Superseded — This records the ctypes → native extension migration (now complete). For the current extension module layout policy see docs/dev/module-layout.md. For a step-by-step guide to adding a new module see docs/dev/adding-a-module.md.
Python C Extension Design: From ctypes to Native Extension¶
Current Implementation Analysis (client.py)¶
Architecture¶
Approach: ctypes wrapper around libdoppler.so
Flow:
**Key Decision: Static Linking**
- Embed libzmq.a directly into dp_stream.so
- Zero dependency installation (`pip install` → just works)
- Industry standard (NumPy, Pillow, cryptography all do this)
- See [STATIC_VS_DYNAMIC.md](STATIC_VS_DYNAMIC.md) for detailed analysis
Python → ctypes → libdoppler.so → libzmq.so
Key Components¶
1. Library Loading (_load_lib, _get_lib)¶
# Searches multiple paths for libdoppler.so
# Lazy loads + caches via CDLL
# Sets up all function signatures via _setup_ctypes
Pros:
- No compilation needed
- Easy to debug
- Works across Python versions without recompilation
Cons:
- ~5-10% overhead per call (ctypes marshalling)
- Manual type checking required
- No compile-time safety
- Extra shared library dependency
2. Type Mapping¶
# Current ctypes approach:
_Header(Structure) # mirrors C struct dp_header_t
c_void_p # opaque dp_pub_t*, dp_sub_t* pointers
Issues:
- Buffer copies on recv (lines 495-523)
- Manual memory management (dp_sub_free_samples)
- Type conversions: Python bytes ↔ C char*, NumPy ↔ C arrays
3. Critical Path (recv - lines 436-536)¶
Current Flow:
- Python → ctypes →
dp_sub_recv() - C allocates buffer
- ctypes → Python pointer
np.ctypeslib.as_array()wraps memory.copy()to make safe NumPy arraydp_sub_free_samples()via ctypes- Build Header namedtuple
Overhead per recv:
- 2 ctypes calls (recv + free)
- Buffer copy for safety (line 501, 509, 523)
- Python object allocation overhead
- ZMQ socket option hackery (lines 262-304) — reaches into opaque struct!
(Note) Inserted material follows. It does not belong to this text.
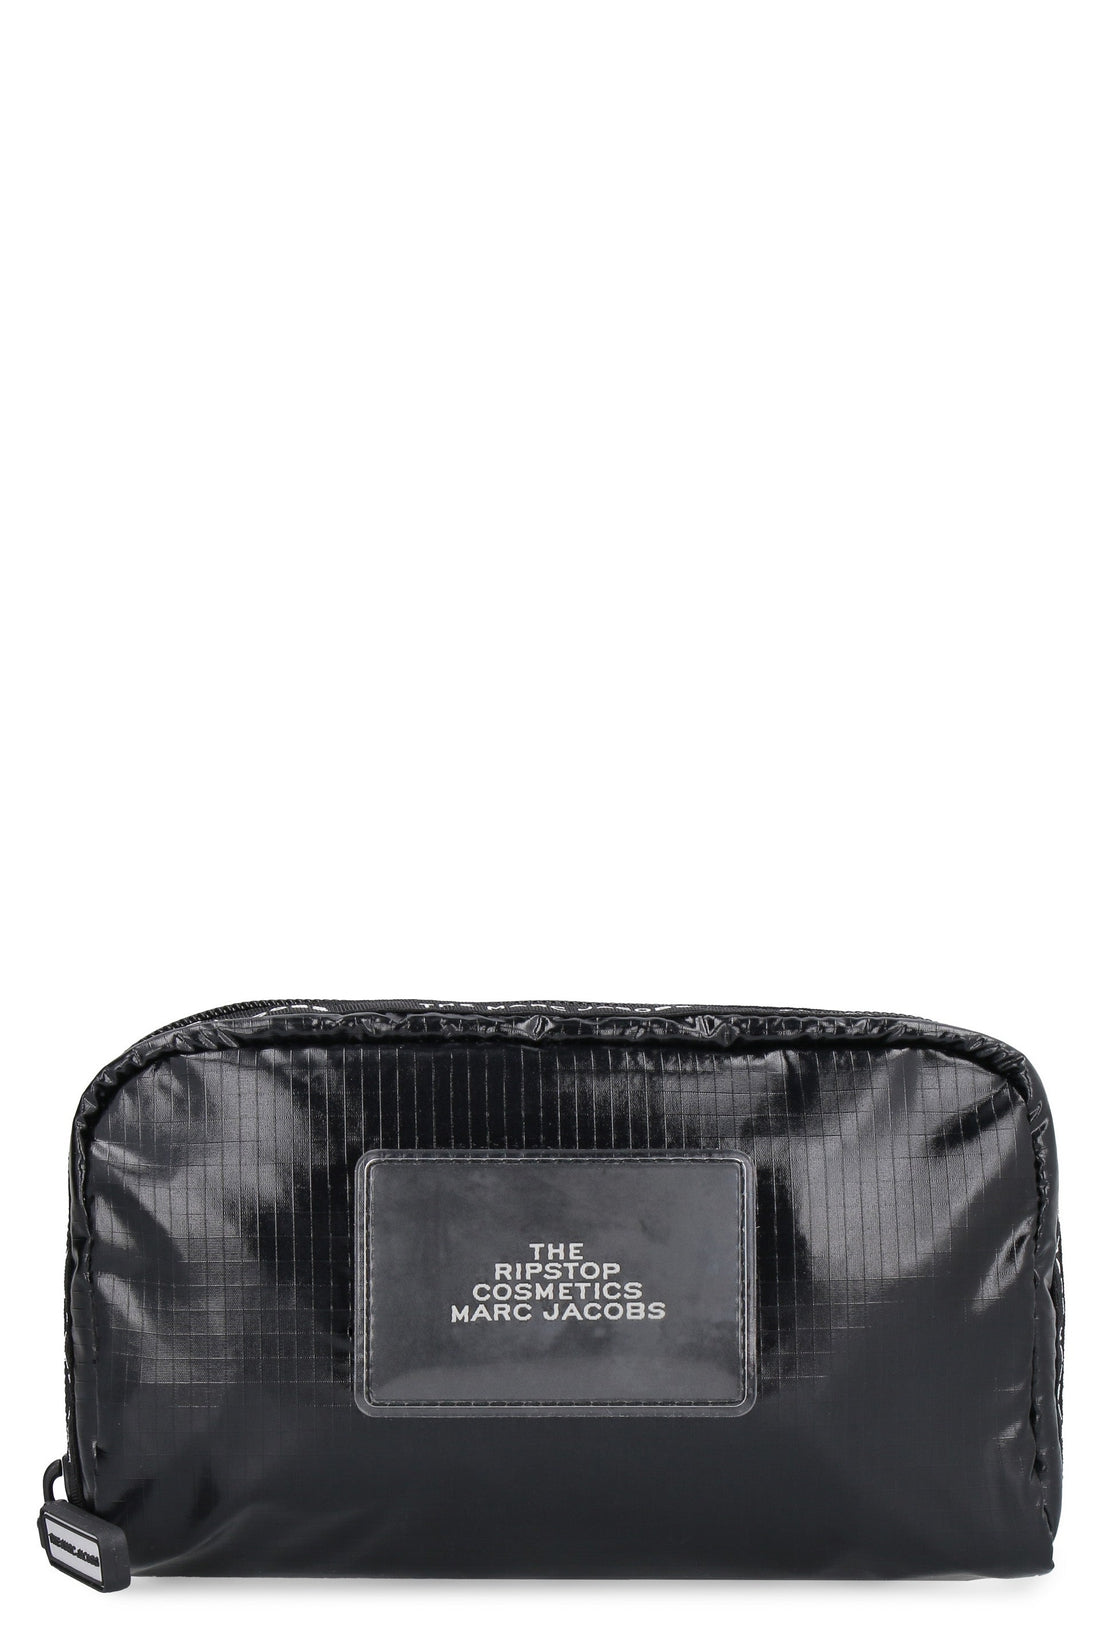 Marc Jacobs-OUTLET-SALE-The Ripstop nylon wash bag-ARCHIVIST

4. Send Path (lines 355-405)¶
Current Flow:
np.ascontiguousarray()— may copy.ctypes.data_as(c_void_p)— pointer extraction- ctypes →
dp_pub_send_cf64() - Keep Python object alive during call
Issues:
- CI32 requires repacking (lines 383-393) — expensive!
- Type dispatch in Python (overhead)
5. Timeout Handling (lines 262-304)¶
HACK ALERT: Reaches into opaque dp_ctx struct!
Why it's bad:
- Breaks encapsulation
- Fragile (assumes struct layout)
- Loads libzmq.so separately
- ctypes overhead for every timed recv
Proposed C Extension Design¶
Goals¶
- Zero-copy recv where possible
- Eliminate ctypes overhead (~5-10% per call)
- Bake ZMQ in — direct API, no struct hacking
- Type safety at compile time
- Pythonic API — same interface, faster backend
Architecture¶
**Key Decision: Static Linking**
- Embed libzmq.a directly into dp_stream.so
- Zero dependency installation (`pip install` → just works)
- Industry standard (NumPy, Pillow, cryptography all do this)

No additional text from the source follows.